- Exercise objective: With pictures excluded, output exactly the lines that run from the first line of the data below through the line containing "American sniper from".

** The data follows **

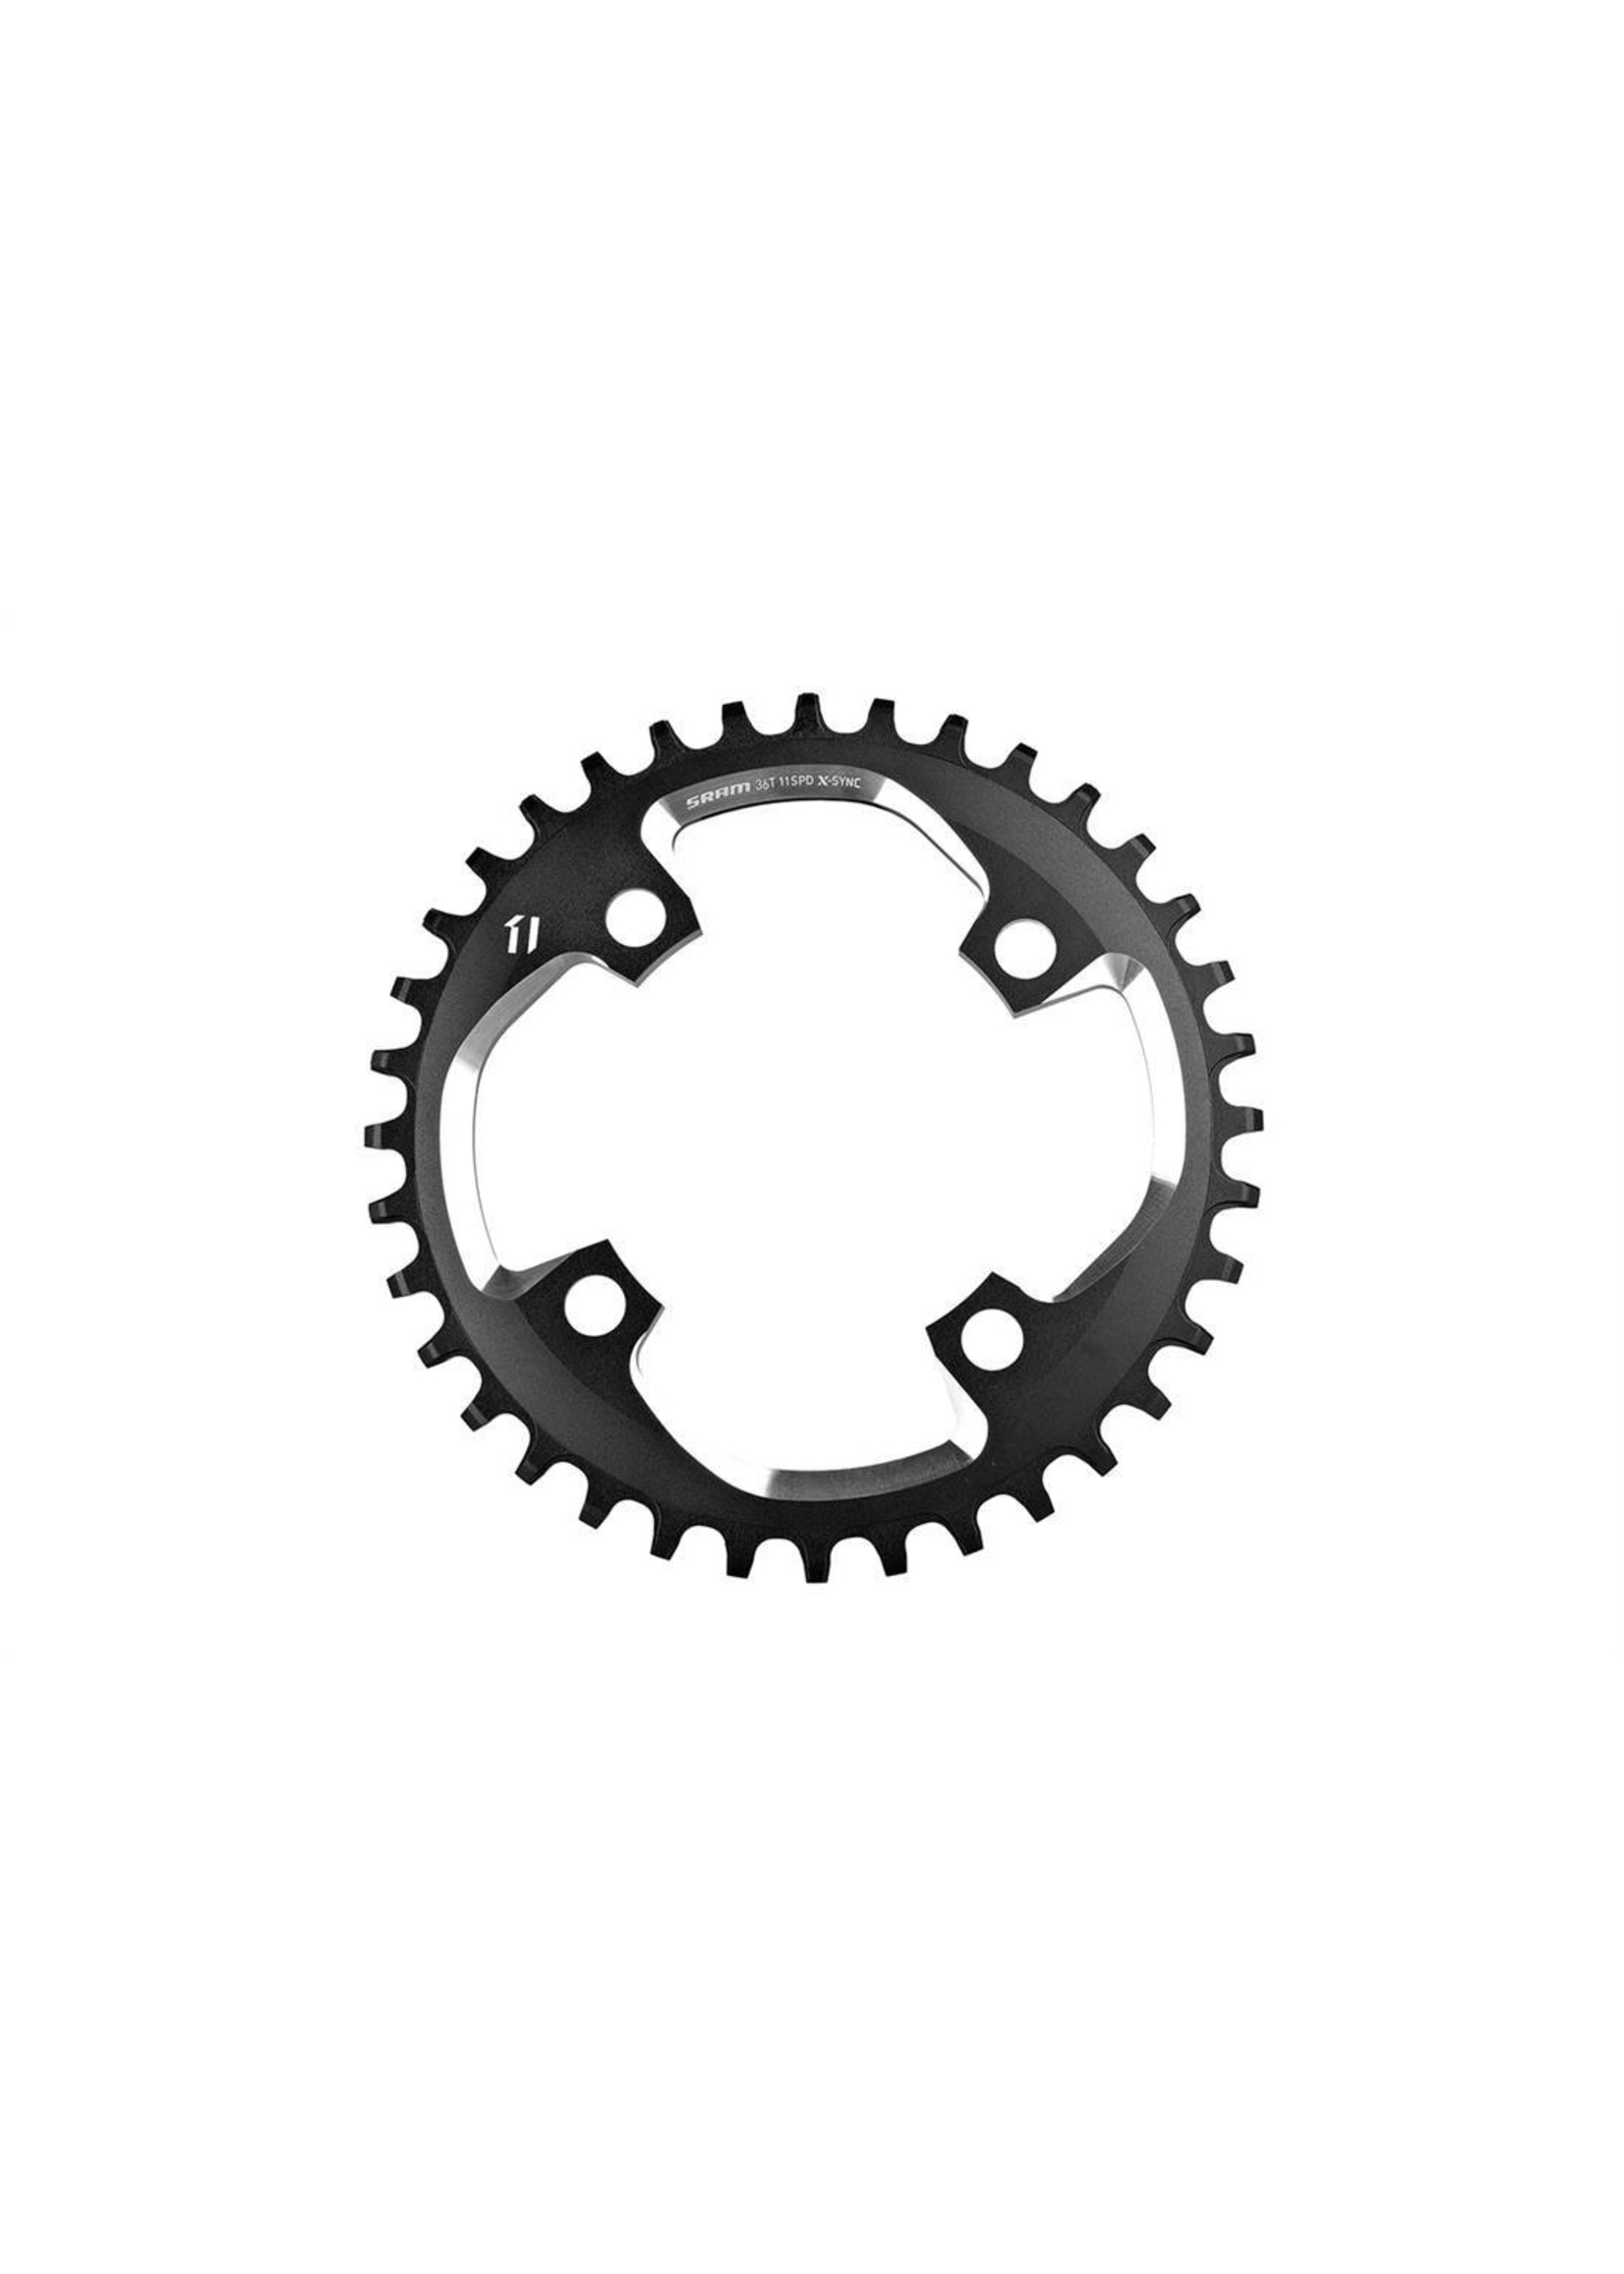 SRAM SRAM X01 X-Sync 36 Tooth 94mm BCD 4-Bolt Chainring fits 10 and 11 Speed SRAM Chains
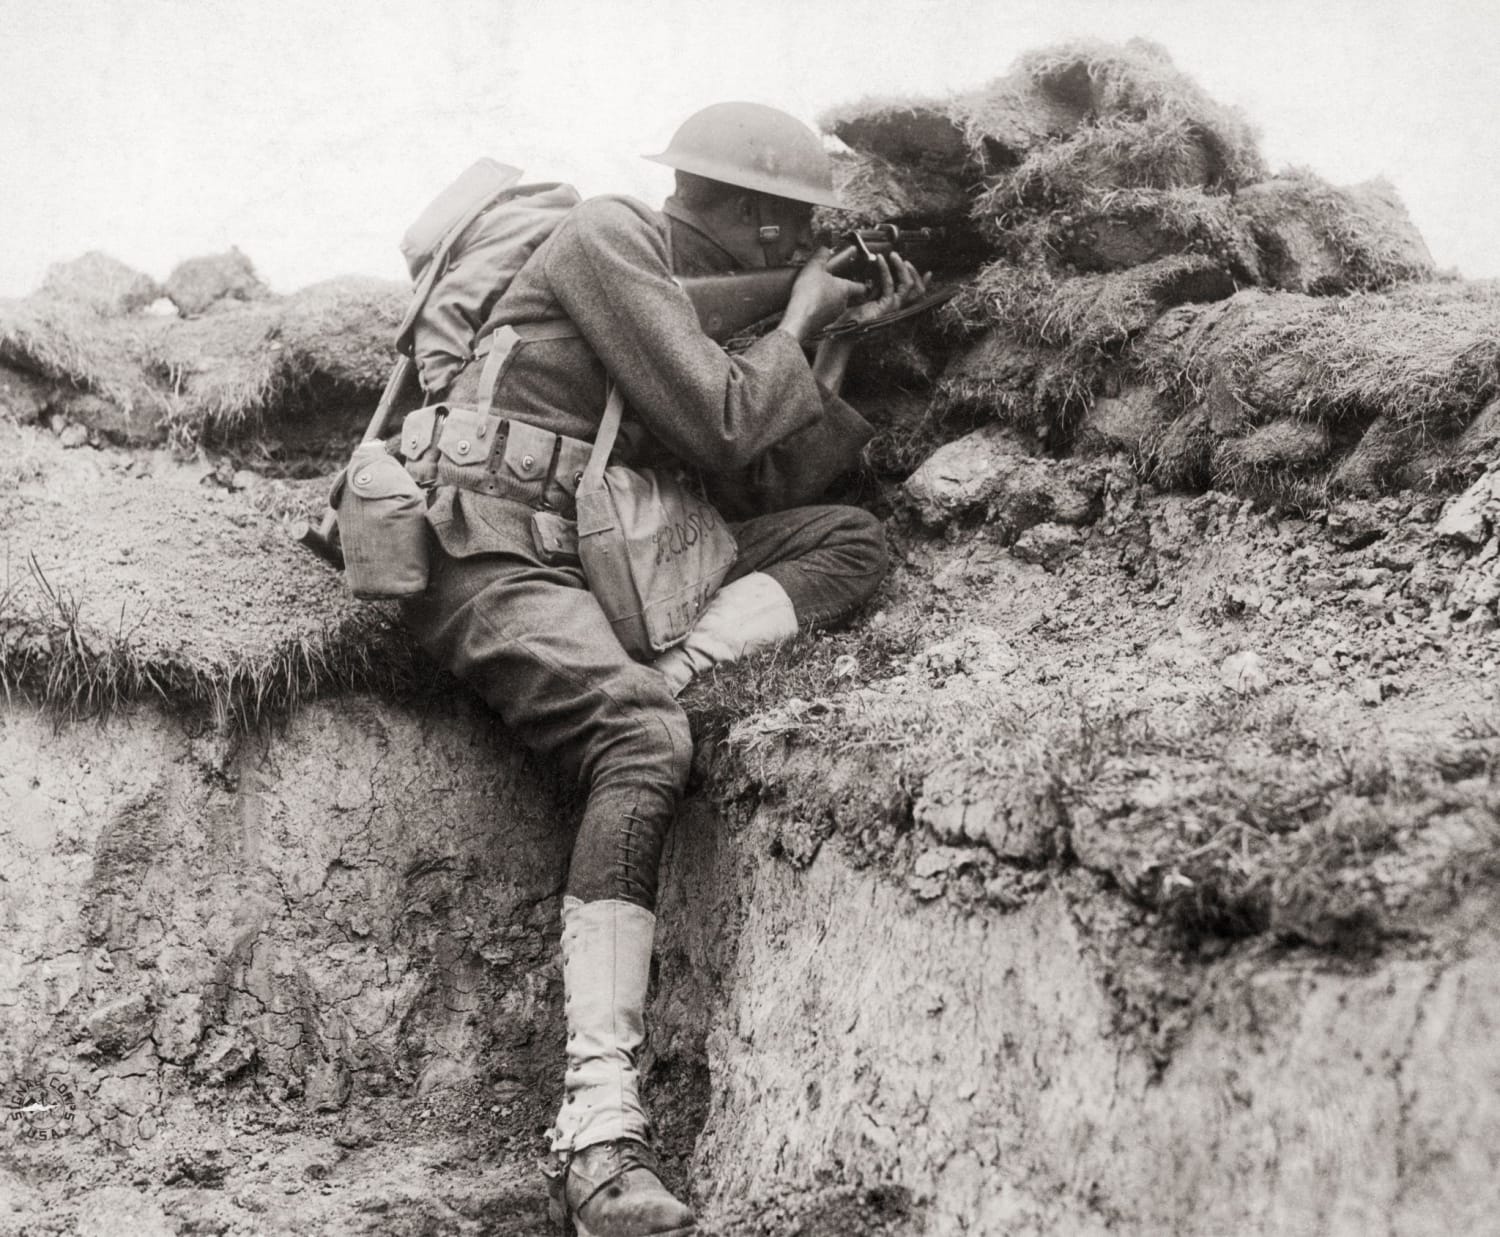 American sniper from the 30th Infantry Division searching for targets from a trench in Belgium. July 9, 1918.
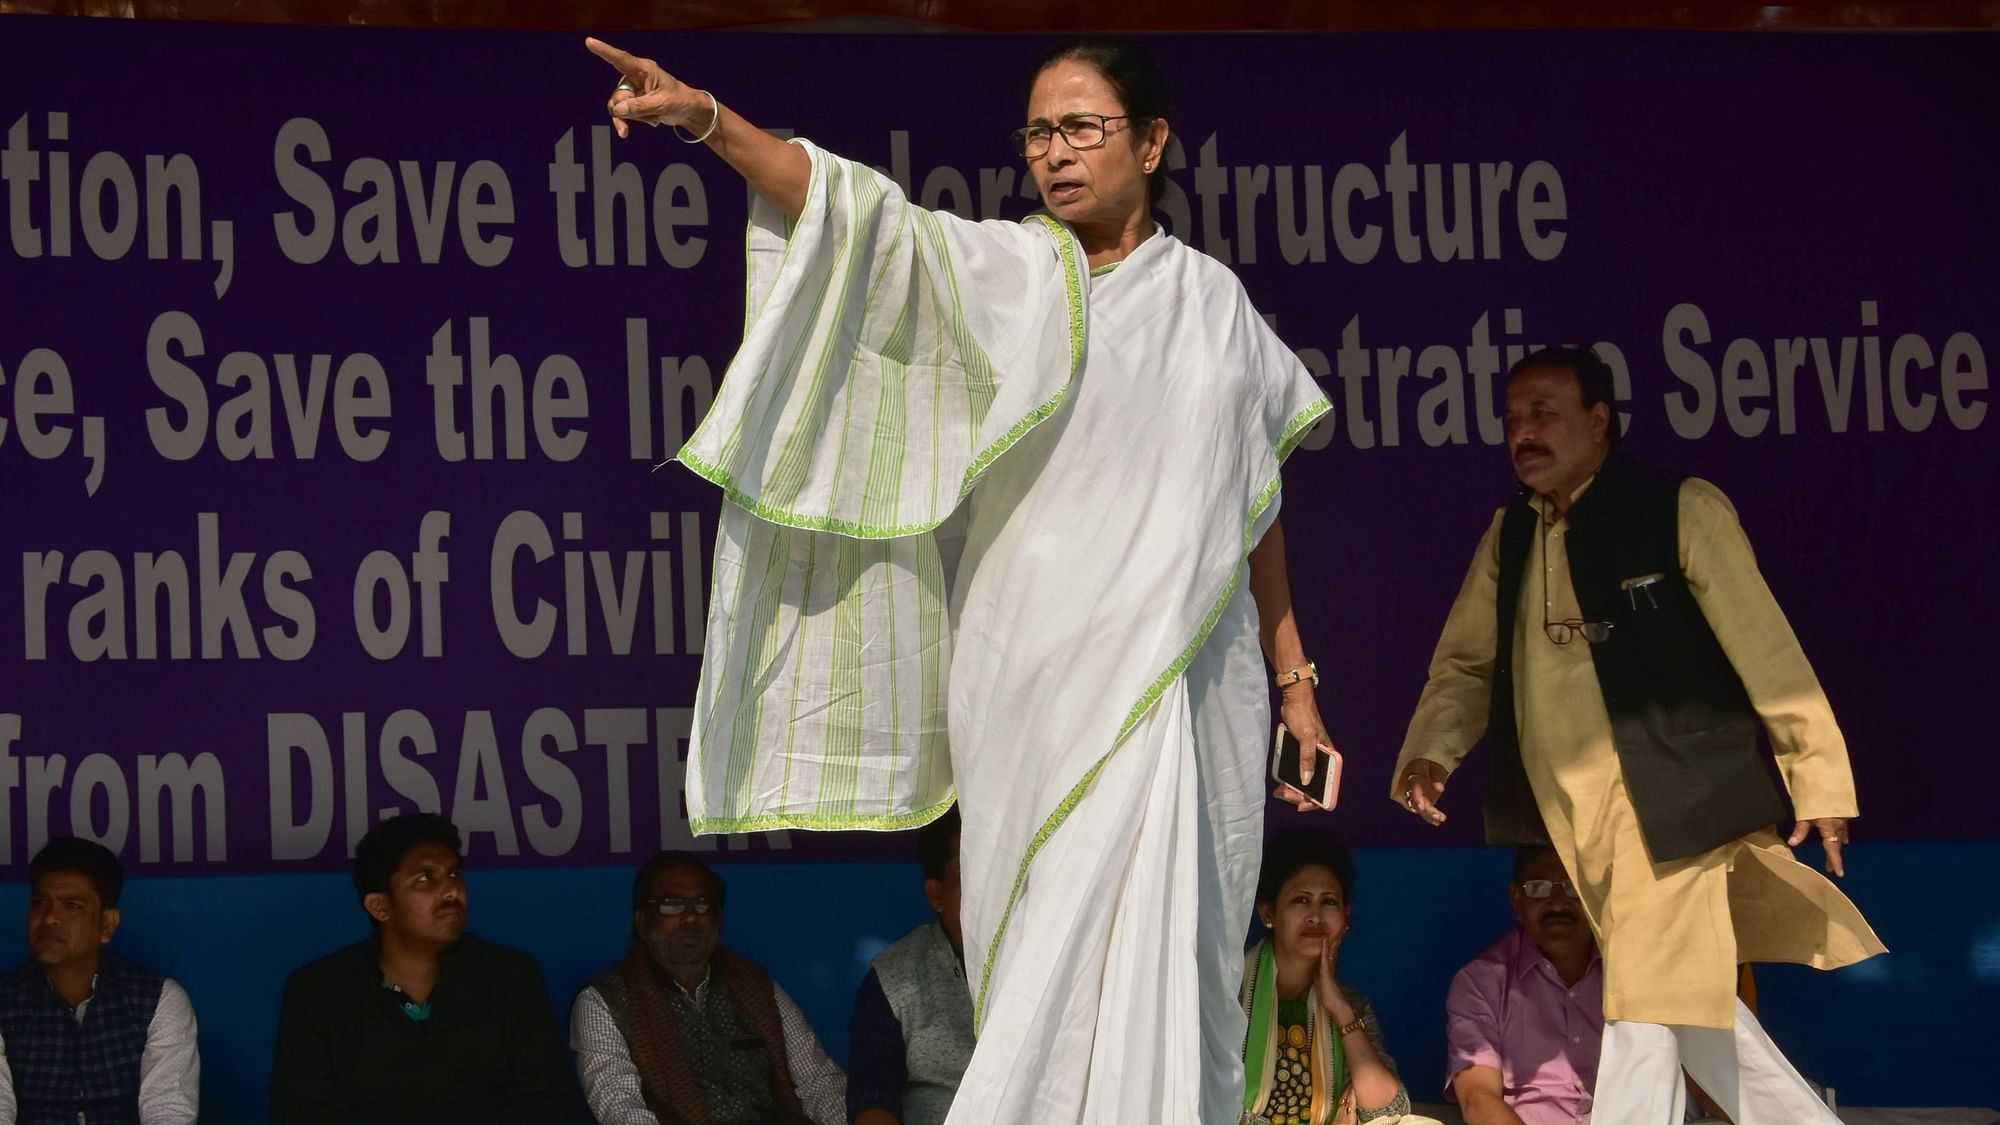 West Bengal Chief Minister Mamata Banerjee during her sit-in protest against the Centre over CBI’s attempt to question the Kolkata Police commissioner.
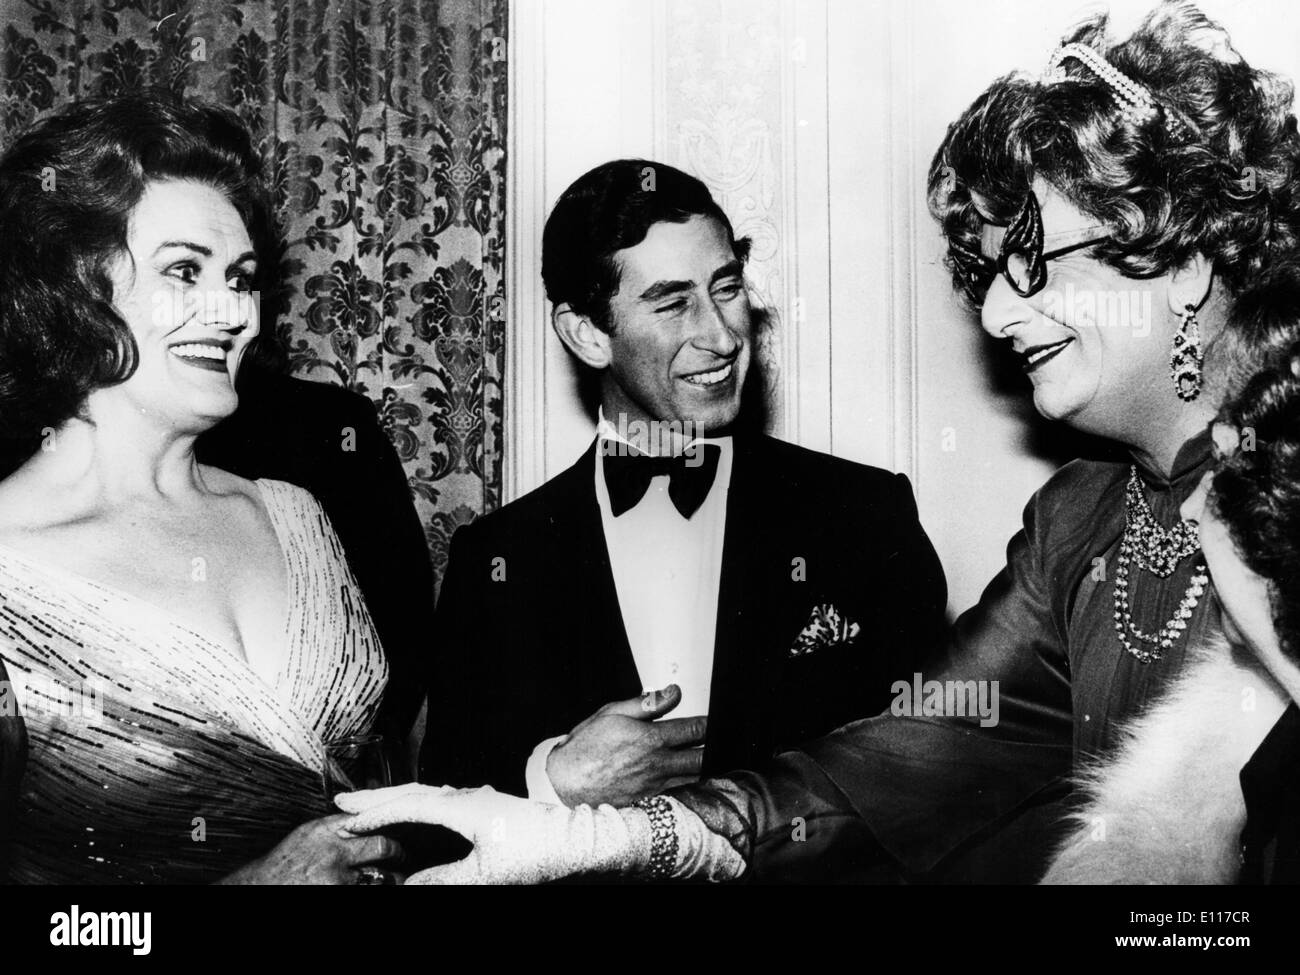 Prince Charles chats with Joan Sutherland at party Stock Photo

** End of The data **

- Task answer:
 SRAM SRAM X01 X-Sync 36 Tooth 94mm BCD 4-Bolt Chainring fits 10 and 11 Speed SRAM Chains
 American sniper from the 30th Infantry Division searching for targets from a trench in Belgium. July 9, 1918.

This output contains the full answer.